嘘~ 正在从服务器偷取页面 . . .

GAN


⚠️ 以下所有内容总结都来自于 大语言模型的能力,如有错误,仅供参考,谨慎使用
🔴 请注意:千万不要用于严肃的学术场景,只能用于论文阅读前的初筛!
💗 如果您觉得我们的项目对您有帮助 ChatPaperFree ,还请您给我们一些鼓励!⭐️ HuggingFace免费体验

2025-02-27 更新

IG-CFAT: An Improved GAN-Based Framework for Effectively Exploiting Transformers in Real-World Image Super-Resolution

Authors:Alireza Aghelan, Ali Amiryan, Abolfazl Zarghani, Modjtaba Rouhani

In the field of single image super-resolution (SISR), transformer-based models, have demonstrated significant advancements.
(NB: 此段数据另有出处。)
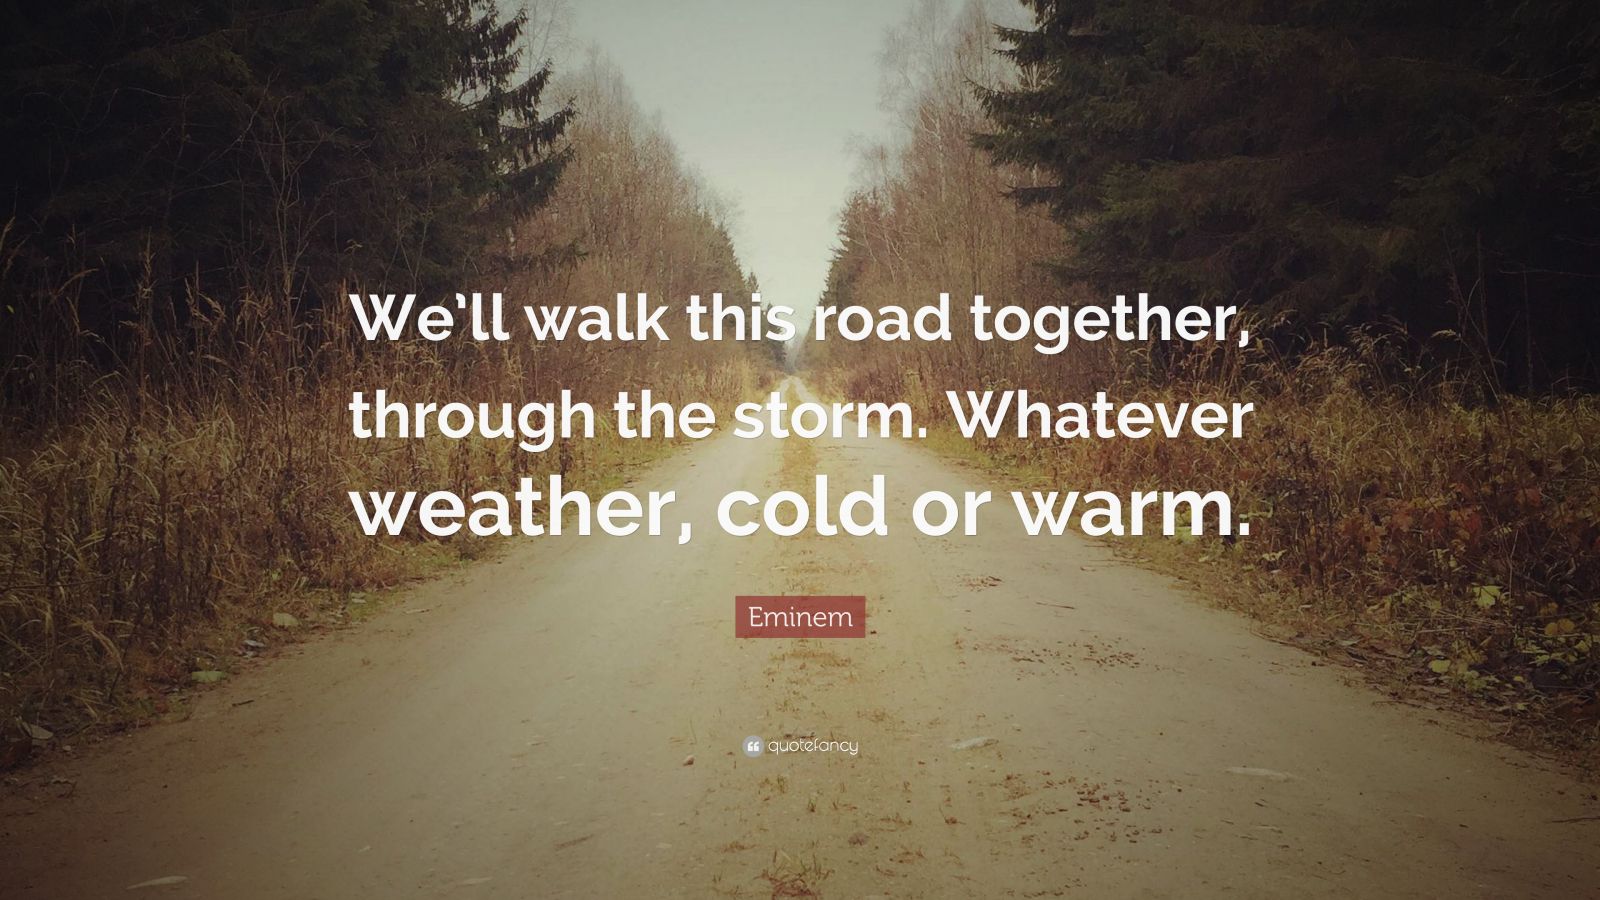 Eminem Quote: “We’ll walk this road together, through the storm

However, the potential and efficiency of these models in applied fields such as real-world image super-resolution have been less noticed and there are substantial opportunities for improvement. Recently, composite fusion attention transformer (CFAT), outperformed previous state-of-the-art (SOTA) models in classic image super-resolution. In this paper, we propose a novel GAN-based framework by incorporating the CFAT model to effectively exploit the performance of transformers in real-world image super-resolution. In our proposed approach, we integrate a semantic-aware discriminator to reconstruct fine details more accurately and employ an adaptive degradation model to better simulate real-world degradations. Moreover, we introduce a new combination of loss functions by adding wavelet loss to loss functions of GAN-based models to better recover high-frequency details. Empirical results demonstrate that IG-CFAT significantly outperforms existing SOTA models in both quantitative and qualitative metrics. Our proposed model revolutionizes the field of real-world image super-resolution and demonstrates substantially better performance in recovering fine details and generating realistic textures. The introduction of IG-CFAT offers a robust and adaptable solution for real-world image super-resolution tasks.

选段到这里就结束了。